Data for processing |
....

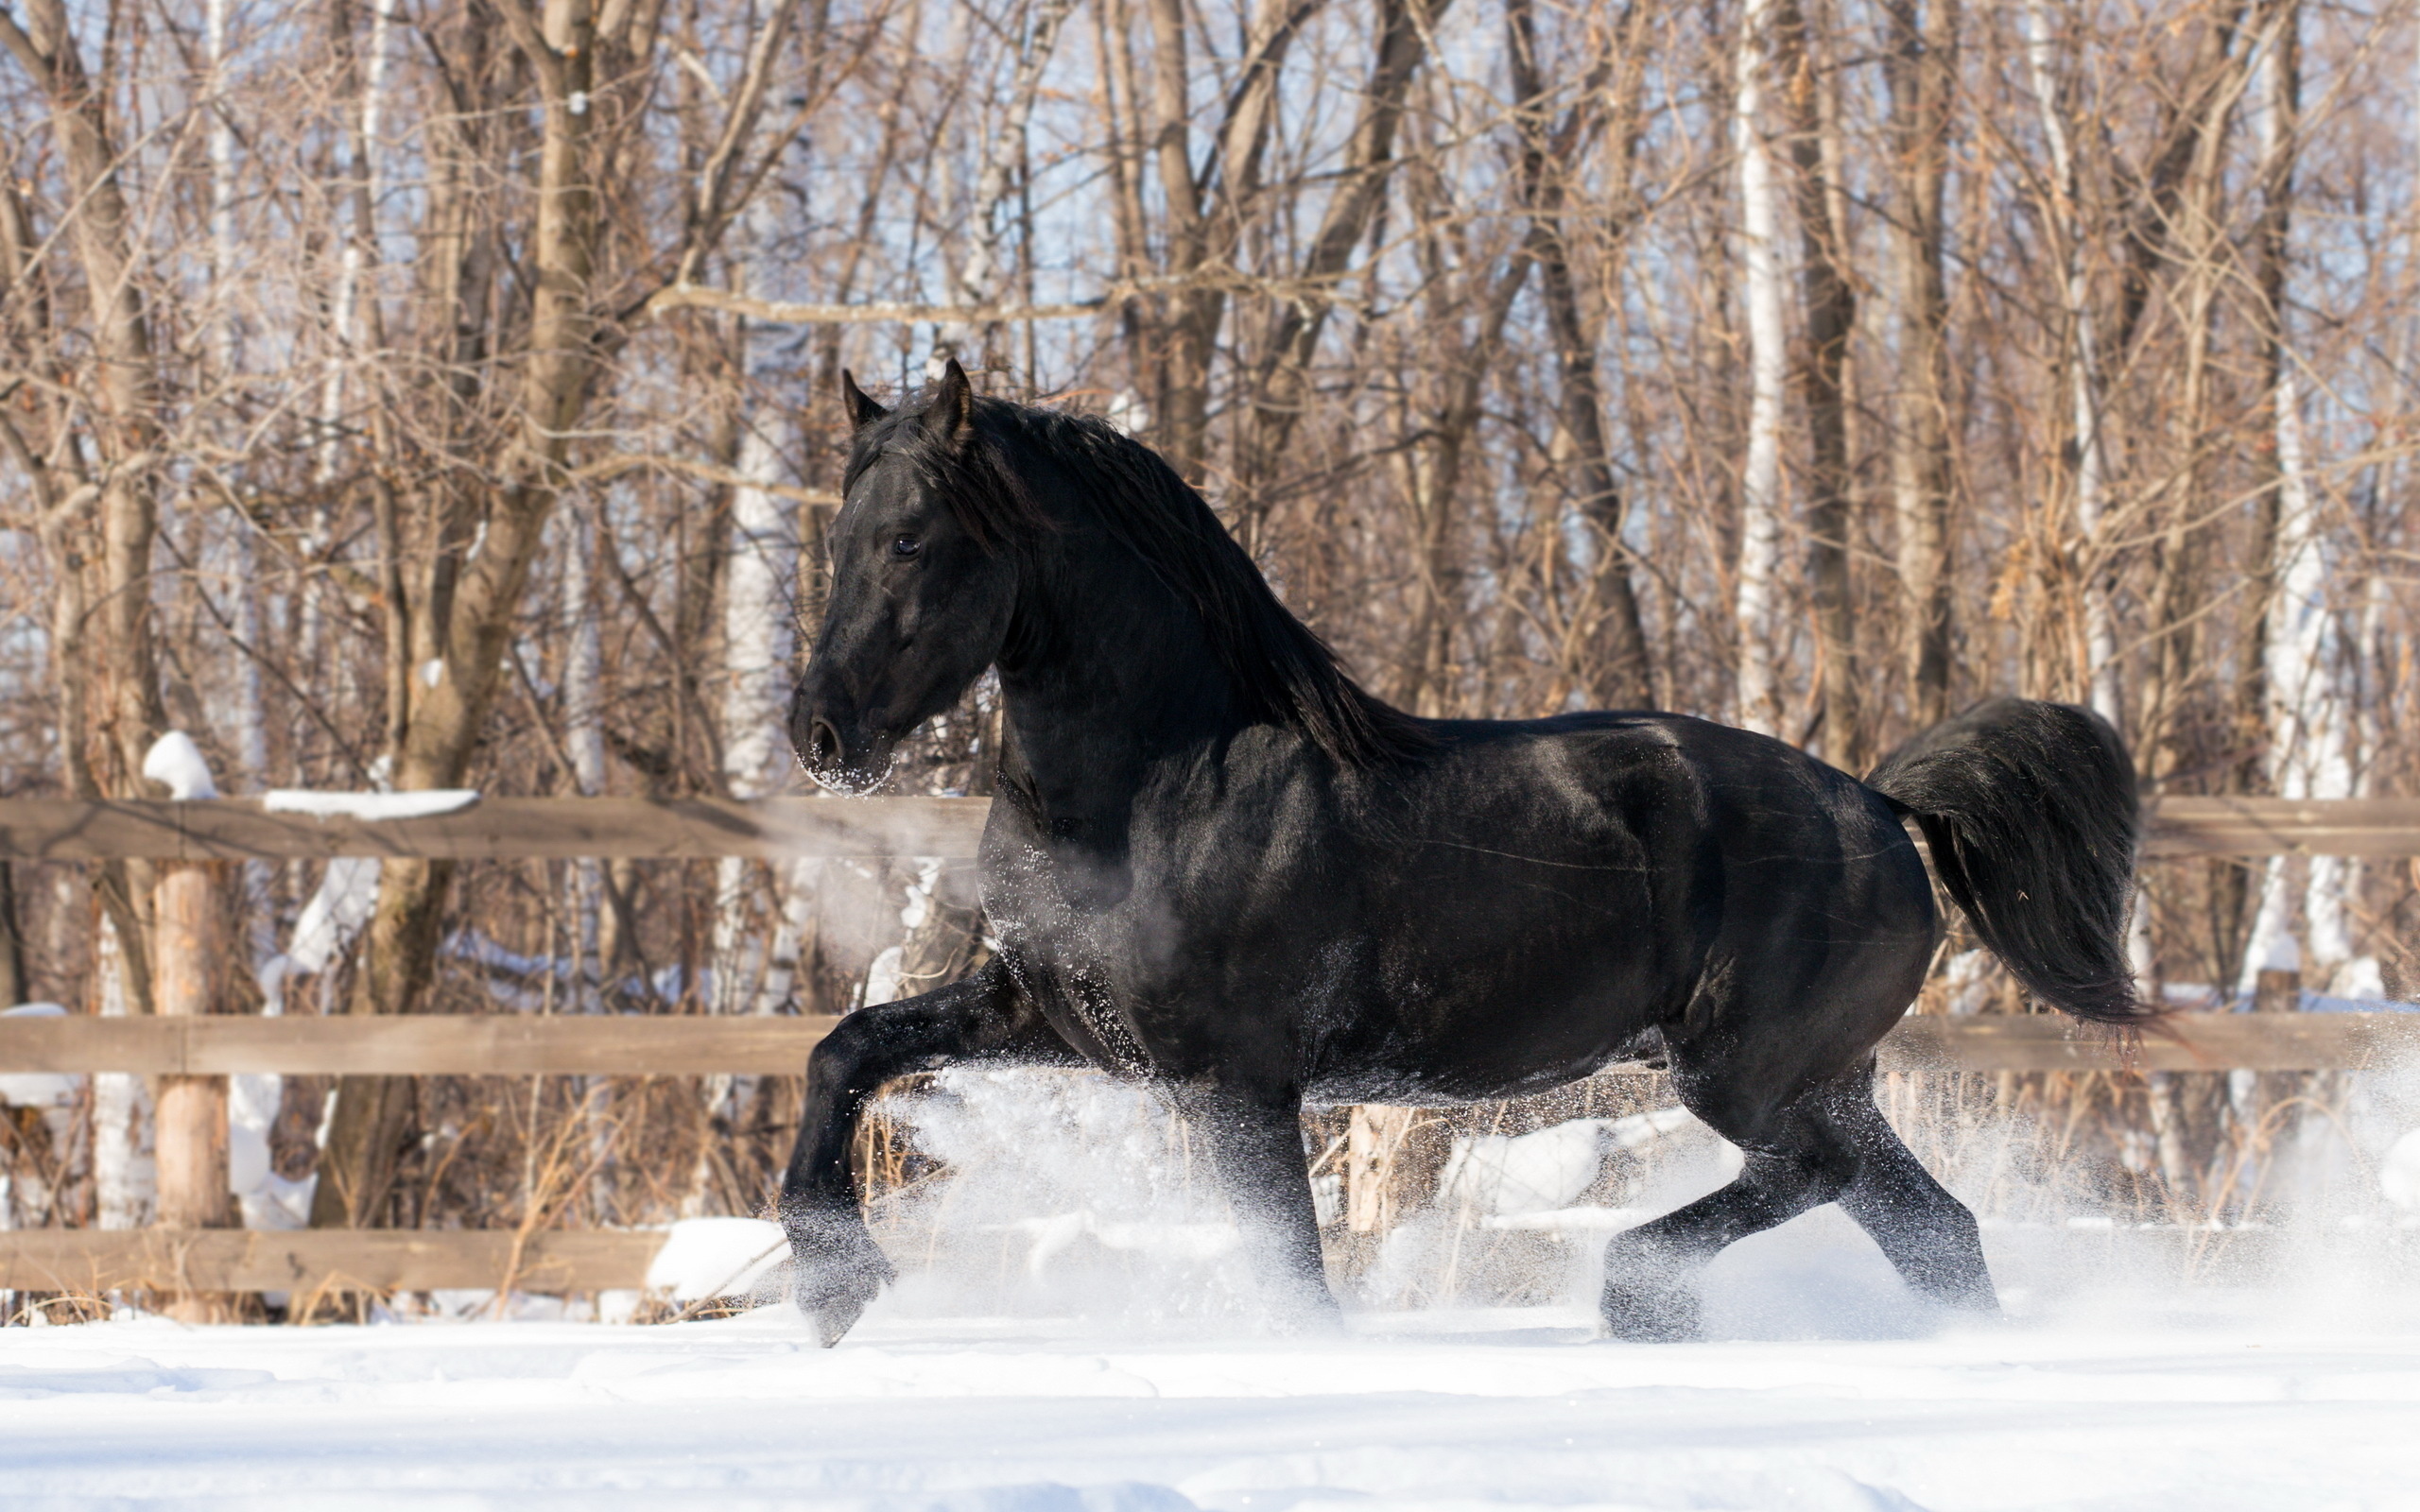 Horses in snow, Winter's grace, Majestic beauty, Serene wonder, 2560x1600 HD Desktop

....

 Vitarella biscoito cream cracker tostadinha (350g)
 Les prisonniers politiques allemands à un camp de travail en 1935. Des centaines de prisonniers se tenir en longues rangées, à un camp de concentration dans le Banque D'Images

....

Work instruction | Above are the entries. Output exactly the lines beginning with the line that has "Vitarella biscoito cream" and ending with the line that has "Les prisonniers politiques".

Output |
 Vitarella biscoito cream cracker tostadinha (350g)
 Les prisonniers politiques allemands à un camp de travail en 1935. Des centaines de prisonniers se tenir en longues rangées, à un camp de concentration dans le Banque D'Images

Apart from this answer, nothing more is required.